■ WHAT TO WORK ON
The answer should be an exact repeat of the stretch of material below from the line containing "12 colors reiki" through the line containing "Rustic textured Sterling".

■ EXTRACTED ENTRIES
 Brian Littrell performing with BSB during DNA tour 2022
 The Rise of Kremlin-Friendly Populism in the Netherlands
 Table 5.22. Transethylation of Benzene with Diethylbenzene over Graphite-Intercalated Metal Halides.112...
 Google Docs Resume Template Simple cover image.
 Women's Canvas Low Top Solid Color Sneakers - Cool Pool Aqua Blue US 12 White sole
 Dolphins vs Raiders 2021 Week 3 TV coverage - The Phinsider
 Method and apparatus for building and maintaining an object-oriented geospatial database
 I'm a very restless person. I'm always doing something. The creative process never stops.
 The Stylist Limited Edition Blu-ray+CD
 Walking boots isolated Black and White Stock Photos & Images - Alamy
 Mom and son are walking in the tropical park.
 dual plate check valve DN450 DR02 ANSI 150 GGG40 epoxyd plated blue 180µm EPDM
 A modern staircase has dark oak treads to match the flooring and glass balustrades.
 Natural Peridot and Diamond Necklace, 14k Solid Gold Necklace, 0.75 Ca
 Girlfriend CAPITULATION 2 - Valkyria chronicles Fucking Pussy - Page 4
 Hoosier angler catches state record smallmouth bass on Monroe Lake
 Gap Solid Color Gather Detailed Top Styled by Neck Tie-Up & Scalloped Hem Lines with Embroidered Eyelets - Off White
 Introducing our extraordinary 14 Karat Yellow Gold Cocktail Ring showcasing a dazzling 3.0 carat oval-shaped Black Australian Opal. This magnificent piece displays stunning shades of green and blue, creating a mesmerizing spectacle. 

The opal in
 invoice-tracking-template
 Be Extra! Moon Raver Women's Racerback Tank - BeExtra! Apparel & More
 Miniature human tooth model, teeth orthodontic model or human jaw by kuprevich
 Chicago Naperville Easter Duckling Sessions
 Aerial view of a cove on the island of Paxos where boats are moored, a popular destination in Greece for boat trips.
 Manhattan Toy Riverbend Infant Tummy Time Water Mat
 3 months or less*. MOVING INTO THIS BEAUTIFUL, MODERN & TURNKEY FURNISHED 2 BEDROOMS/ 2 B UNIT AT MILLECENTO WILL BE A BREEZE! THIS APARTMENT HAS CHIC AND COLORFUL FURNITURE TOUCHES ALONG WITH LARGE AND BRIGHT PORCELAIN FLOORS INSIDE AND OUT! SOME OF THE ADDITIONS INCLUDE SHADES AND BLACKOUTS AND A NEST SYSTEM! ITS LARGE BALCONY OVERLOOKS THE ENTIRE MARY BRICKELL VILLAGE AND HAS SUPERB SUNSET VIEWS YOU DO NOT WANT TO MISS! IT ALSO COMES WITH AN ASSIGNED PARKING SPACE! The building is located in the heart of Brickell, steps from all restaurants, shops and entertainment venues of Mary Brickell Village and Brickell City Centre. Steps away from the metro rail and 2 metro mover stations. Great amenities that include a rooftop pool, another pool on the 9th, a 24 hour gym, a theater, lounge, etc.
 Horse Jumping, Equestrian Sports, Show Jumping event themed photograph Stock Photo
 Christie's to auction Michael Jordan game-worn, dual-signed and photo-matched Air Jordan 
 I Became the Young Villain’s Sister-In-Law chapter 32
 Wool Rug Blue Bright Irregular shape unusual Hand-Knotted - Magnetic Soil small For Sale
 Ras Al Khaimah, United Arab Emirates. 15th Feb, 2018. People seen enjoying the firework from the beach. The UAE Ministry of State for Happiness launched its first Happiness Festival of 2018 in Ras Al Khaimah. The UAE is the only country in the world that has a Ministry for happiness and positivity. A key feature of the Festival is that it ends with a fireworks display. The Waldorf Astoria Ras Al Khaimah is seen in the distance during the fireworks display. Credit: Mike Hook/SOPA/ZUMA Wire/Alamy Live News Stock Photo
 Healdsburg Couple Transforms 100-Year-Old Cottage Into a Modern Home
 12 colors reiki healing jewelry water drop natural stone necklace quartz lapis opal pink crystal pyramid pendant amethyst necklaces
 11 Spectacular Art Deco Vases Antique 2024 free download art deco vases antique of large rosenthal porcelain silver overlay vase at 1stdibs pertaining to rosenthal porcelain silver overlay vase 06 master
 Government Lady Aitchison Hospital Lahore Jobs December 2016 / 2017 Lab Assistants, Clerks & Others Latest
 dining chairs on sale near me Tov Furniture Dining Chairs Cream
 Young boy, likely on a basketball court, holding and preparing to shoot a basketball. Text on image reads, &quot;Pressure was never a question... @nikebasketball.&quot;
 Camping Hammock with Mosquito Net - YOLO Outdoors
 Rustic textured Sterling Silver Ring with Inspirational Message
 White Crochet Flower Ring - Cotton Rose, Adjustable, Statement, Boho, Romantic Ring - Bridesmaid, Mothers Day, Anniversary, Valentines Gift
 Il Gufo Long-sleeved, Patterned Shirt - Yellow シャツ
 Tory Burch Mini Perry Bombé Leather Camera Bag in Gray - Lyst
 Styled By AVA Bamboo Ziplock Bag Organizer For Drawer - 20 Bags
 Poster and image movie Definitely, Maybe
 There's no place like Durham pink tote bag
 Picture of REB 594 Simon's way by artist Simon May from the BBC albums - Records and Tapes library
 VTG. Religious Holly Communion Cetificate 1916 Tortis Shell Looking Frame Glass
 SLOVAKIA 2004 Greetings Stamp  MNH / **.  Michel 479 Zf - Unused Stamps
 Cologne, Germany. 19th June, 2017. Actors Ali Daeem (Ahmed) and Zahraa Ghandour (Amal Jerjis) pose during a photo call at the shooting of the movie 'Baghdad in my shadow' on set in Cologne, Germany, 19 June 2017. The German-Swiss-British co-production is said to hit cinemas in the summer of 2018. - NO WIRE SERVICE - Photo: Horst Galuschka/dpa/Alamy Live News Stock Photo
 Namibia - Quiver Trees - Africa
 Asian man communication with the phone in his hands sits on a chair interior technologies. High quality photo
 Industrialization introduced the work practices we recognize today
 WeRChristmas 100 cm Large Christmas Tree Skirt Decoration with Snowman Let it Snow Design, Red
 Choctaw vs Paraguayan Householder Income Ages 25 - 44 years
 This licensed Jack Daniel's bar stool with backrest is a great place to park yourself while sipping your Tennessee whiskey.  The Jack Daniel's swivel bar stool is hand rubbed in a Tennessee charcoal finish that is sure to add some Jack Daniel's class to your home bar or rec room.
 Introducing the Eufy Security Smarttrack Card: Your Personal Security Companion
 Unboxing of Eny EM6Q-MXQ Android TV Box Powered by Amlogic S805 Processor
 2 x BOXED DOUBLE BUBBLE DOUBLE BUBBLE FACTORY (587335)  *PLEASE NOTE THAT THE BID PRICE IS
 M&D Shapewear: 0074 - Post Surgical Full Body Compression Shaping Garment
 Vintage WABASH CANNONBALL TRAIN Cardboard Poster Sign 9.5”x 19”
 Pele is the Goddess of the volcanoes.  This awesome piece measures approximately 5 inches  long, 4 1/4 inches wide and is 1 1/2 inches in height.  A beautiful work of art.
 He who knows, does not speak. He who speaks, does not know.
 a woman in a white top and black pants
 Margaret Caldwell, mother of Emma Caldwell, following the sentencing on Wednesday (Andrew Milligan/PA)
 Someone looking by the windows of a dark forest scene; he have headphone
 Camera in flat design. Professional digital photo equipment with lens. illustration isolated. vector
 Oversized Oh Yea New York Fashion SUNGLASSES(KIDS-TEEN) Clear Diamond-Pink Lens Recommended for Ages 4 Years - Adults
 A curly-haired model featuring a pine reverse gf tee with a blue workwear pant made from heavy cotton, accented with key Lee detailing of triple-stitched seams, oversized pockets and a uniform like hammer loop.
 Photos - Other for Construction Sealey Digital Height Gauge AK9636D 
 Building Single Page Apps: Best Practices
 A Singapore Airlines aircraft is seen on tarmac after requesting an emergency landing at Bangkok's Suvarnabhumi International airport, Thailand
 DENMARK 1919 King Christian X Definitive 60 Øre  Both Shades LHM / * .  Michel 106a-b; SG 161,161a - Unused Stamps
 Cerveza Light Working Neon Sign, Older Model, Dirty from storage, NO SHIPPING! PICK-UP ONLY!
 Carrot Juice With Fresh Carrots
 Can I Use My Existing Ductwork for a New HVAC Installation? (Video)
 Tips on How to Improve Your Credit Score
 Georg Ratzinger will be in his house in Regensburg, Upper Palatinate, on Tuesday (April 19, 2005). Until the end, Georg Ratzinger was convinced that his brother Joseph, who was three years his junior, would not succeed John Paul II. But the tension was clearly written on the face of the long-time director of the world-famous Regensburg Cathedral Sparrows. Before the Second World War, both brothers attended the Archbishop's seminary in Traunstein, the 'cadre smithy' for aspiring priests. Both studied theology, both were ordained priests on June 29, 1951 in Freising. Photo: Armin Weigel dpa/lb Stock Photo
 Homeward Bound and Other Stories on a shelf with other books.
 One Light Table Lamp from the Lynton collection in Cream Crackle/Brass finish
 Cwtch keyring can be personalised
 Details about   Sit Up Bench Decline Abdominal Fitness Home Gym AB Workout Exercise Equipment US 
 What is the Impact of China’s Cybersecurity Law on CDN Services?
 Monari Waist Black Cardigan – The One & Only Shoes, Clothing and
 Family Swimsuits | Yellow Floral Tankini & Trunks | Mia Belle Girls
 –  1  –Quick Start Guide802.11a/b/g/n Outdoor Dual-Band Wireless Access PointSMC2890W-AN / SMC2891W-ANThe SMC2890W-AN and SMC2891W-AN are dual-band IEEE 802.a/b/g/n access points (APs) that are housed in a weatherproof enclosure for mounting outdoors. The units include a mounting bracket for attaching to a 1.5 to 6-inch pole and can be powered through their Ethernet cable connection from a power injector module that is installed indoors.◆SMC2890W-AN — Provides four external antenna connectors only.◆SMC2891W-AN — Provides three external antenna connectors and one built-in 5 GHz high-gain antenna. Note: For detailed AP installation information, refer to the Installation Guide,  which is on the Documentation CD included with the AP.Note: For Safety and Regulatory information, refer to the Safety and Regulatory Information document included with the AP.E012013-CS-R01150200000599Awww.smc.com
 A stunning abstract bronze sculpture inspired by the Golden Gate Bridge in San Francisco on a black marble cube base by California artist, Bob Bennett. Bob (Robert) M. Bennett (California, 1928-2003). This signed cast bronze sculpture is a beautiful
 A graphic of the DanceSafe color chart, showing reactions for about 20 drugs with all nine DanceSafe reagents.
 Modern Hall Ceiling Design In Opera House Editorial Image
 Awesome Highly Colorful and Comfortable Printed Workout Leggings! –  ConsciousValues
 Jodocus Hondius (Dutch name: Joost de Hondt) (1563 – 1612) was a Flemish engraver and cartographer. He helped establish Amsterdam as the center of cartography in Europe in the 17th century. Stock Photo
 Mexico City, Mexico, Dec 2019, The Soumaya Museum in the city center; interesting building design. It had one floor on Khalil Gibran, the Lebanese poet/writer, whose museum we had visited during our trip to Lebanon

■ OUTPUT OF THE EXERCISE
 12 colors reiki healing jewelry water drop natural stone necklace quartz lapis opal pink crystal pyramid pendant amethyst necklaces
 11 Spectacular Art Deco Vases Antique 2024 free download art deco vases antique of large rosenthal porcelain silver overlay vase at 1stdibs pertaining to rosenthal porcelain silver overlay vase 06 master
 Government Lady Aitchison Hospital Lahore Jobs December 2016 / 2017 Lab Assistants, Clerks & Others Latest
 dining chairs on sale near me Tov Furniture Dining Chairs Cream
 Young boy, likely on a basketball court, holding and preparing to shoot a basketball. Text on image reads, &quot;Pressure was never a question... @nikebasketball.&quot;
 Camping Hammock with Mosquito Net - YOLO Outdoors
 Rustic textured Sterling Silver Ring with Inspirational Message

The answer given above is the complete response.